To represent clauses corresponding to discrete features use the standard GABIL representation, use one bit for each value of that feature, where a 1 indicates that value is allowable and a 0 indicates the value is not allowed. For example, for feature A with three possible values (a1, a2, a3), three bits would be used. If the three bits were set to 101 in a hypothesis that would indicate a condition of (A = a1 or A = a3).For continuously valued attributes, you should use a representation with 2 bits for an operation and 32 bits to represent a floating point value. If both of the operation bits are set to 1, then any value of the continuously valued feature is allowable. If the 2 operations bits are 10 then values that are less than or equal to the floating point value are allowed, and if the 2 operation bits are 01 then values that are greater than or equal to the floating point value are allowed. For example, if the 34 bits for continuous feature B were 01 followed by the 32 bits to represent 1.5, this would indicate a test of B >= 1.5.

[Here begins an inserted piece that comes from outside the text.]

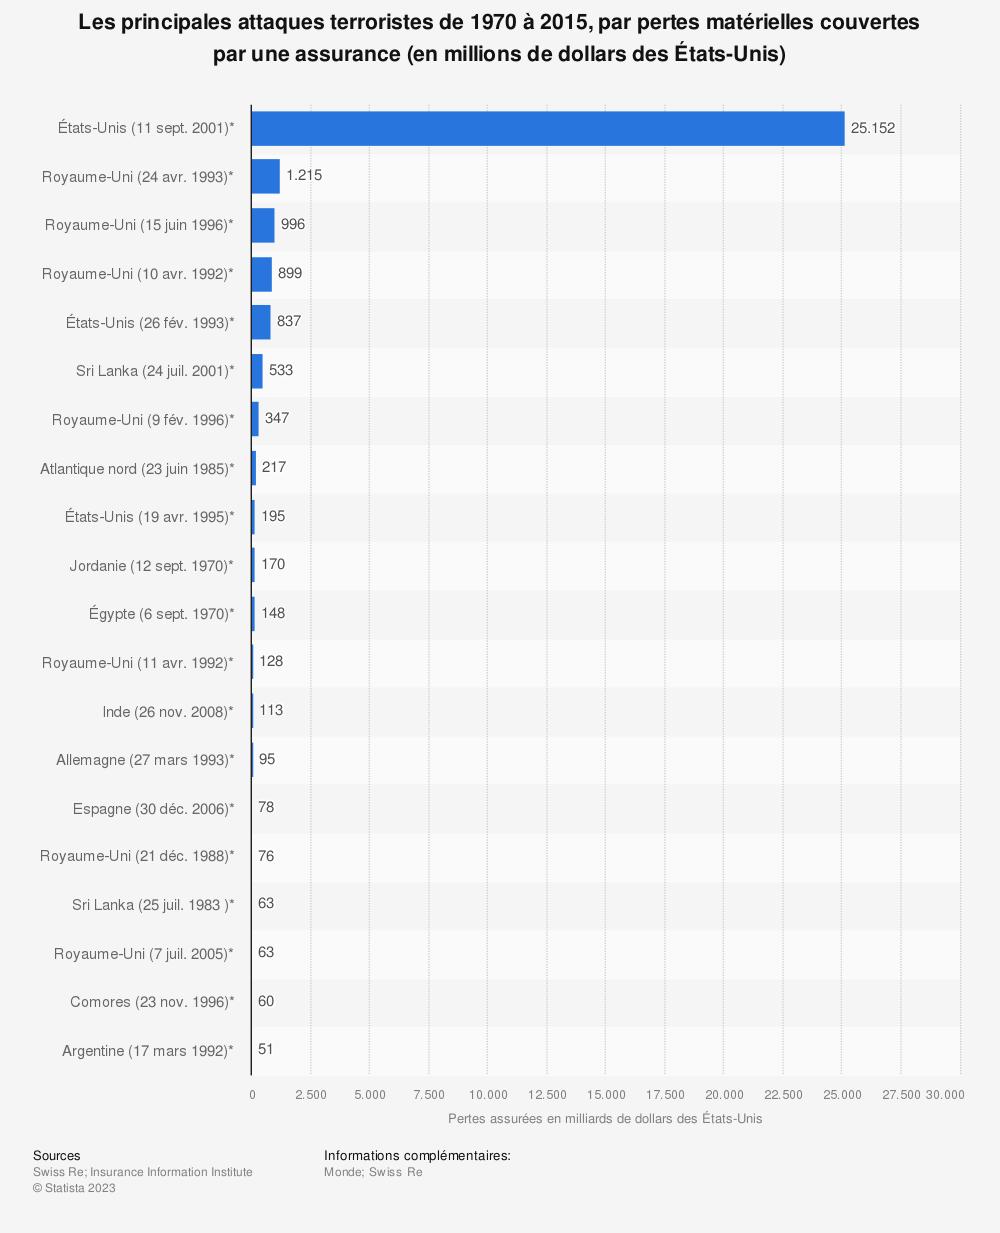 Statistique: Les principales attaques terroristes de 1970 à 2015, par pertes matérielles couvertes par une assurance (en millions de dollars des États-Unis) | Statista

You should plan on implementing one cross-over operator, plus the point mutation, AddAlternative, and DropCondition operators. For cross-over, you should use a variation on the GABIL cross-over operator as follows:
The fitness of individual points should be the correctness (on the training set) of each hypothesis.
Your code should take a dataset and several parameters. The following parameters should be set by the user when calling the program:
You should set up your code so that it is able to save the top 11 hypotheses in a file. You should then be able to use the resulting hypotheses to predict the class for a separate set of data (a test file) and produce a confusion matrix for that data. Your output should look something like this:
Confusion matrix for hypothesis 1 from file XXX on data in file XXX: Actual Class 0 1 -------- Predicted 0 | 5 1 Class 1 | 0 10 Accuracy = 93.75% Confusion matrix for hypothesis 2 from file XXX on data in file XXX: ...
Print out a copy of all of your code files. You should hand in printouts demonstrating how your program works by running your program on several data sets, including your own. For the rules produced from your data set try to analyze the resulting rules and determine how accurate you think the rules are at capturing the concept expressed by your data.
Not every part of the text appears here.